The second is the diagonal axis, that of the relationship to work and to things. It is the axis of the potter who feels the clay resist beneath their fingers, of the musician who adjusts to their instrument, of the gardener who learns from their soil. Things have their own temporality, their own demands, their own way of responding or not. When I do my work with real attention to what it opposes me, and when this work transforms me as I transform it, I am on this axis. The logic of industrial optimisation and purely administrative work often close this resonance, turning objects and tasks into neutral means in service of external ends.

The third is the vertical axis, that of the relationship to what exceeds us, to nature, to art, sometimes to what is called the sacred, to collective history, to great works. It is the axis of the experience one can have in front of a landscape, in front of a painting, in a concert, in a text that traverses us. Something that is not on our scale sets us in motion through this very greatness. Secularisation, the commodification of culture, and the exhaustion of ecosystems often impoverish this vertical resonance.

On each of these three axes, resonance presupposes that the world opposes a certain resistance to my usage and that it vibrates in return. When it becomes pure available resource, resonance is lost, and this is what Rosa calls alienation. Three axes, three directions, which draw the space of our living relationships to the world.

This analysis accounts for most of the malaises I see around me, but it does not account for everything. When I try to think, within its framework, what happens when I dialogue with a generative artificial intelligence, something does not fit into any of the planned categories. The relationship to the machine does not reduce to alienation, because generative AI dialogues and reasons, and can no longer be thought of as a simple available resource. Nor does it reduce to one of the three resonances, because the machine is neither another human being, nor an object that lets itself be shaped, nor nature or art. This is the zone I want to name.

When the machine began to reason

The machines Rosa addresses, in the period in which he writes, are industrial machines, bureaucracies, and managerial optimisation devices. They sort, optimise, recommend, but they do not hold a conversation and do not build syntheses from a broad knowledge.
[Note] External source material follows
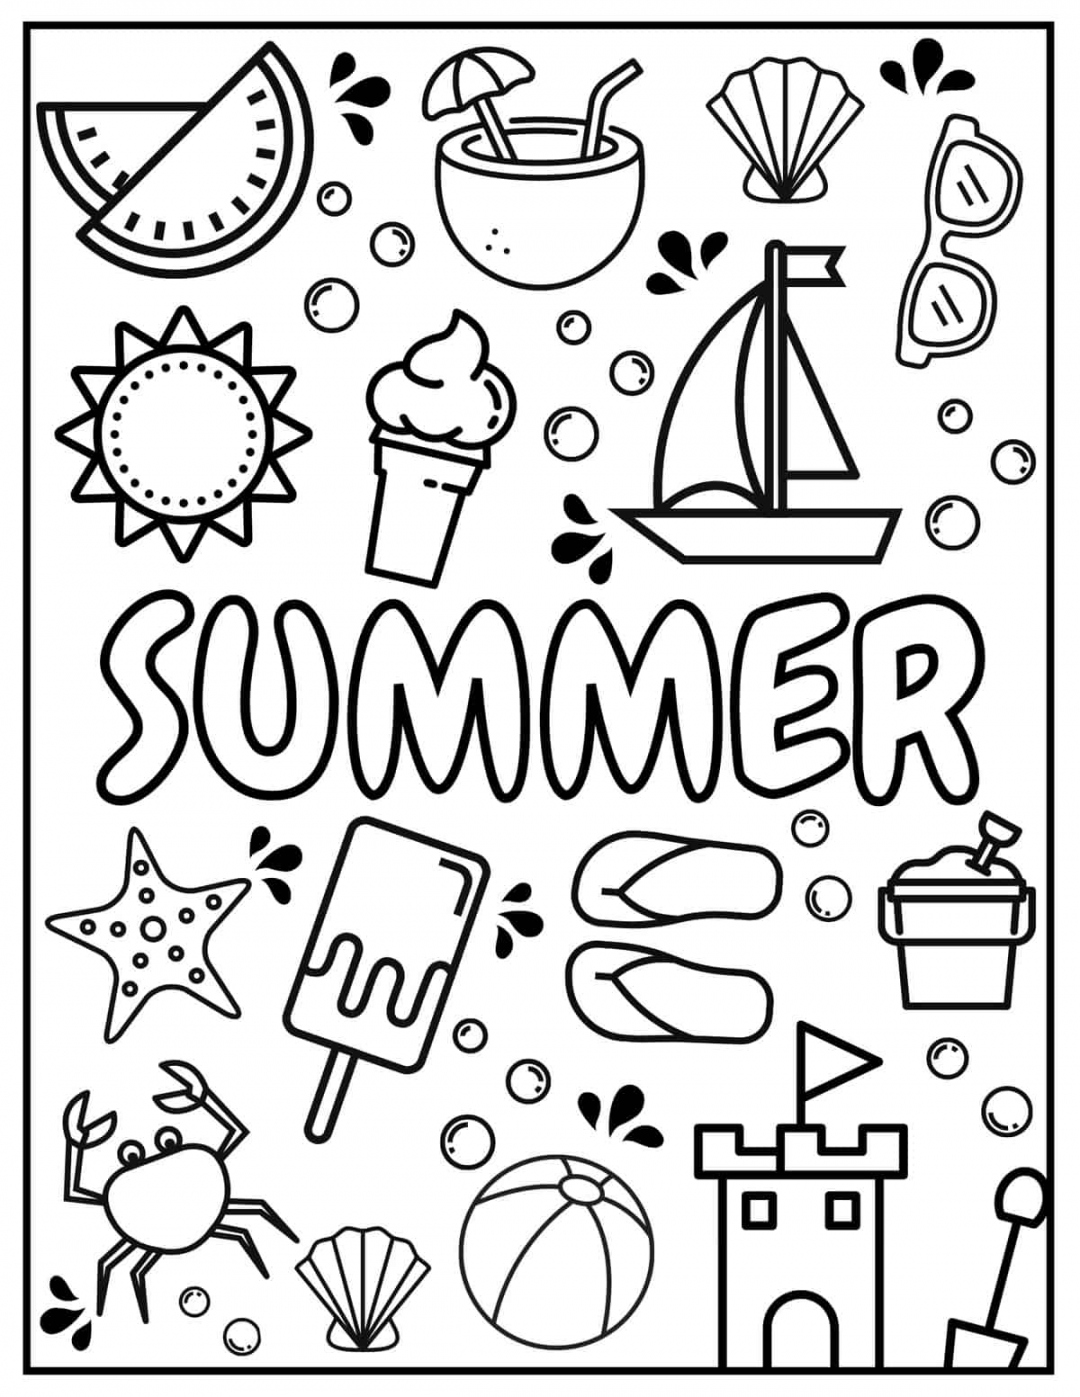 Free Printable Summer Coloring Pages - Printable -  Free Summer Coloring Pages for Kids - Prudent Penny Pincher

The recommendation algorithm that suggests this music or that product to me does not dialogue with me; it predicts what will hold my attention and serves it to me. It is this type of relationship that Rosa rightly describes as alienation.

The language models that diffuse on a large scale starting in November 2022, with the public release of ChatGPT, do something else. One can ask them for a synthesis of a hundred pages, for a message to reformulate for a loved one, for a philosophical reference on a precise problem; they elaborate and produce something each time. From September 2024 onwards, with the release of OpenAI o1, capacities for explicit reasoning began to appear, but it was in the first quarter of 2025 that these capacities became widely accessible. DeepSeek R1, released as open source on 20 January 2025, democratised the matter at once and shifted the whole sector. Claude 3.7 Sonnet followed in February 2025, with its extended thinking mode. Gemini 2.5 Pro arrived in March 2025 with its “deep thinking”. From that period onward, the model no longer settles for predicting one word after another by statistical computation; it decomposes a problem into steps and revisits its own responses to correct them. The result stands in for thought for the person who solicits it.

This production is elaborated from the totality of what humans have written, in most languages, on most subjects, and there is no historical equivalent to such a corpus in direct access. Google had already transformed our relationship to knowledge by making the content of the Web indexable, and I willingly consider it the dinosaur of artificial intelligences, the stage that prepared the next one. With language models capable of reasoning, we pass from the index to elaboration. The machine no longer returns a list of pages; it synthesises and produces something that did not exist as such before the request.

What Rosa did not have to think is precisely this shift. Speech, in its human sense, presupposes a body and a world of which the machine is deprived; it does not speak in this sense, but it produces. And what it produces has, on the one who receives it, effects that are not of the order of alienation.

A resonance that passes through a fourth axis

When I read a response from a language model that articulates exactly what I was looking for without knowing it, I am touched. The proposal of a philosophical reference I did not know modifies my relationship to the problem I was struggling with. A synthesis of a hundred pages made readable in a few minutes frees my attention for something else. But what happens there is not only an efficient shaping of information; it is a shaping that resonates with what I have just said to the machine, with the movement of our conversation, with what the machine has learned of me during our exchange. The response is co-produced in dialogue, and that is what makes it resonant.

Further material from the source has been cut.